There was a kernel patch for this chipset back then, which treated all memory above the lower 64MB as a RAM disk, which could then be used as swap space.
This prioritized the faster portion of RAM while still having very fast swapping.
Intel being Intel, back then and now.
There are workarounds, of course. For instance, the A1208 expansion has a jumper that limits added memory from 8MB to 4MB explicitly so that PCMCIA can be used.
So yes, even when your cpu could address similar size of ram, possible it don't have enough page cache for your application.
It was only a few weeks ago that I found out the original BeBOX computers would switch off L2 cache when running in dual CPU mode. It was just a limitation of the memory controller.
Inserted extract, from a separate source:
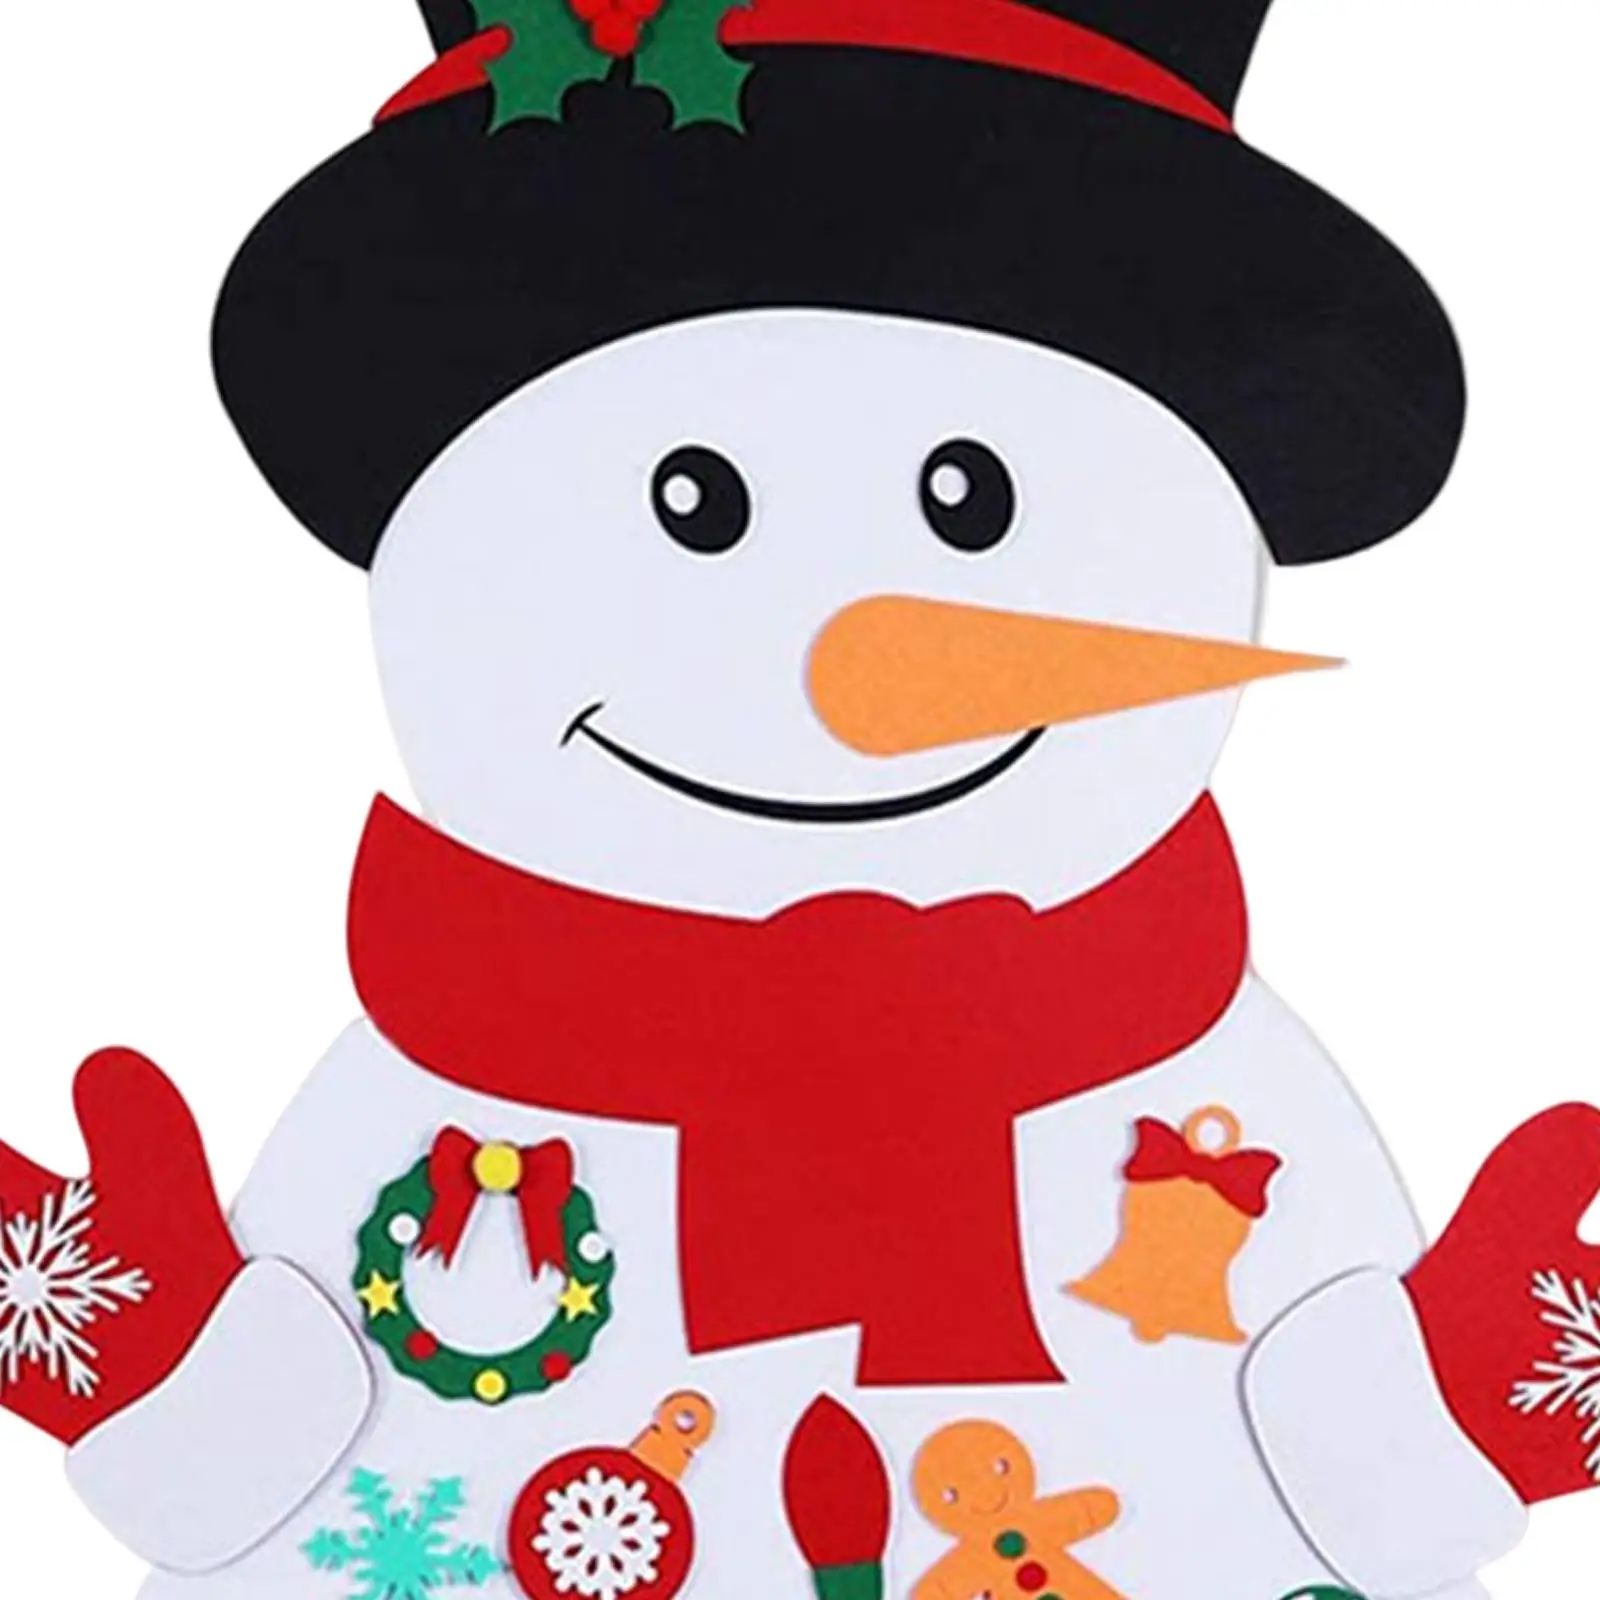 

DIY Felt Snowman Set Wall Hanging Detachable Ornaments, Kids Present Party Supplies, Xmas Home Decorations

Again, the thinking of, if you need the extra compute over memory bus it would be a worth while trade off.
Besides web sources, logic dictates this as well: Since dual-cpu was its selling point, it wouldn't make sense to ship a disabled L2 implementaton on the mobo at extra cost. There was no single-cpu model.
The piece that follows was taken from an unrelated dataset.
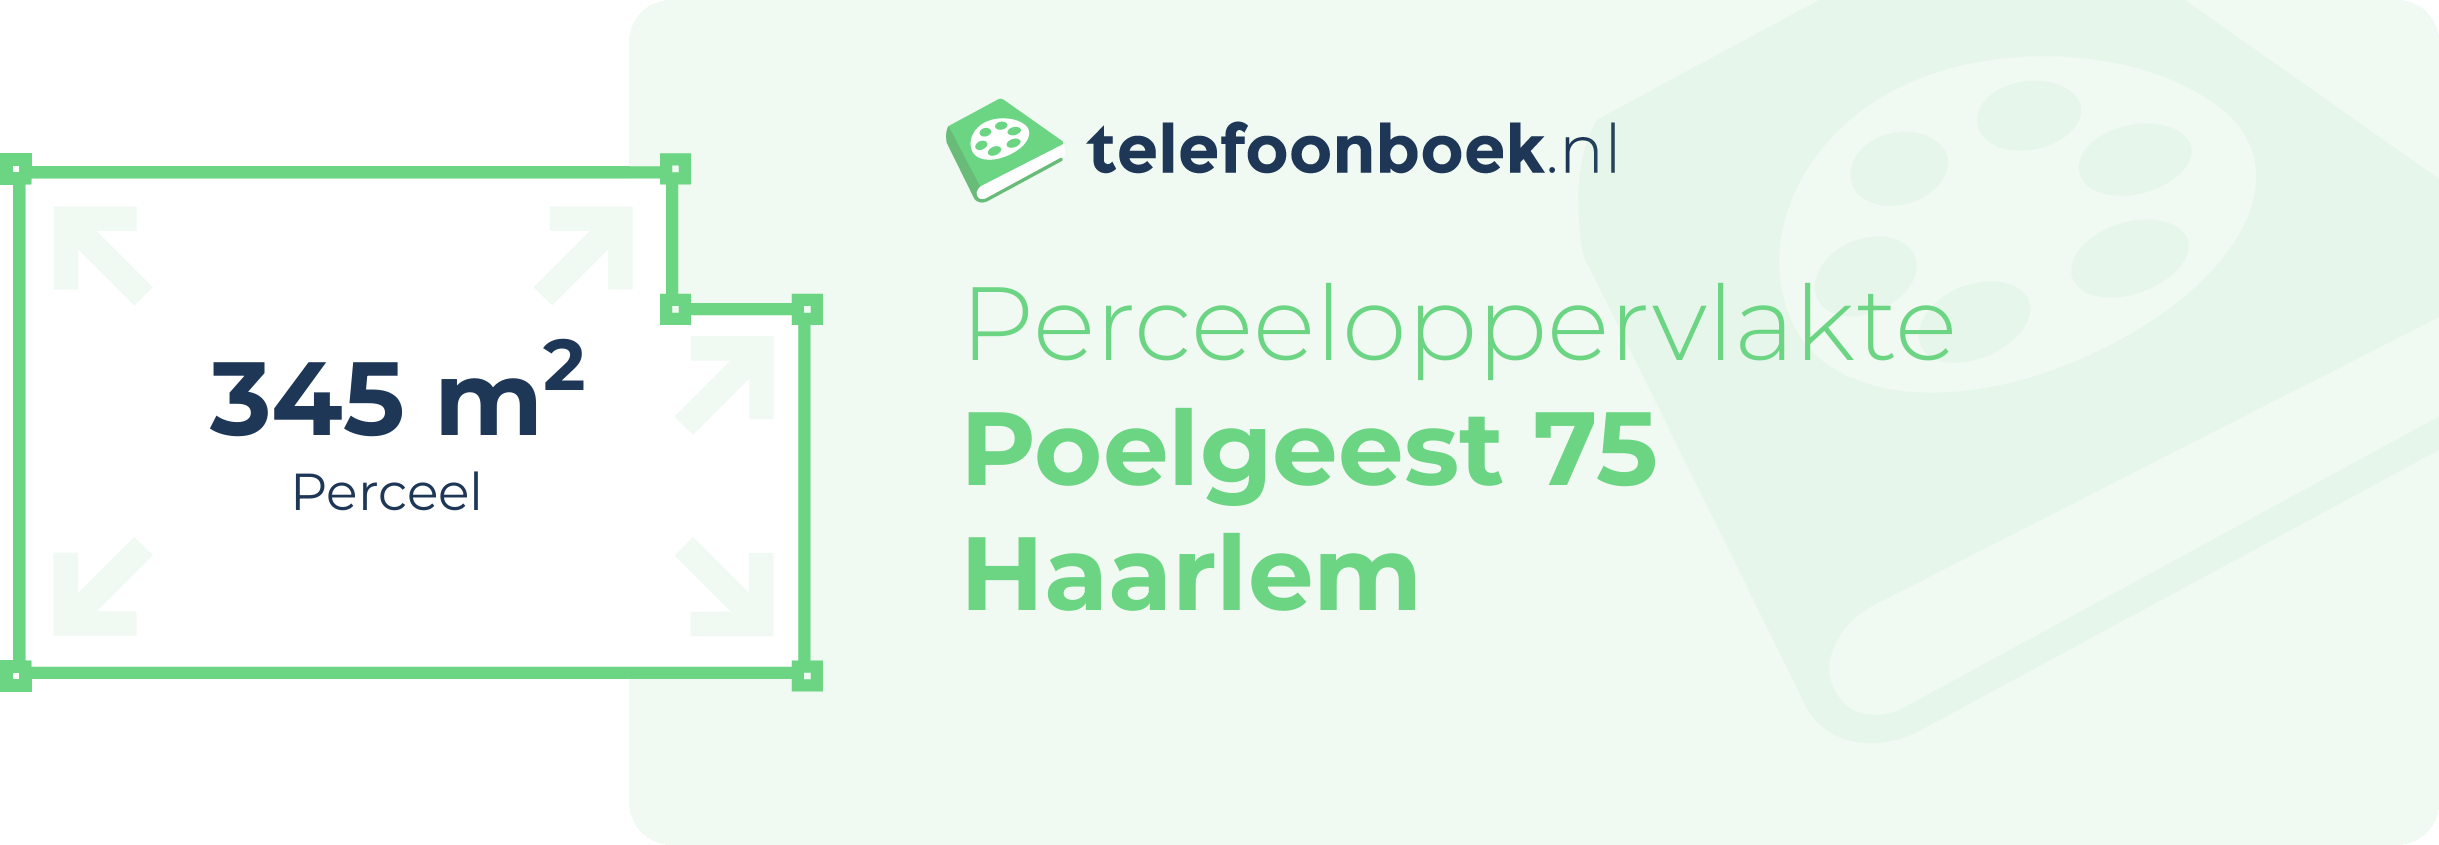 Perceeloppervlakte Poelgeest 75 Haarlem

We traded the 'Mo RAM' for 'Mo Layers,' and in the process, we lost the ability to reason about what the hardware is actually doing. Sanglard’s breakdowns are always a sobering cold shower for those of us pampered by modern GC and JITs
It looks like Anandtech listed 128Mb for $300 (not inflation adjusted) in 1997. It fell to $150 in 1998 and by 1999 you could buy it for $100.
So 512Mb RAM by the end of 1999 for ~$200 was plausible.
Imagine young would-become engineers at the time finding that adding that second stick to their laptop did in fact, not make their systems magically faster.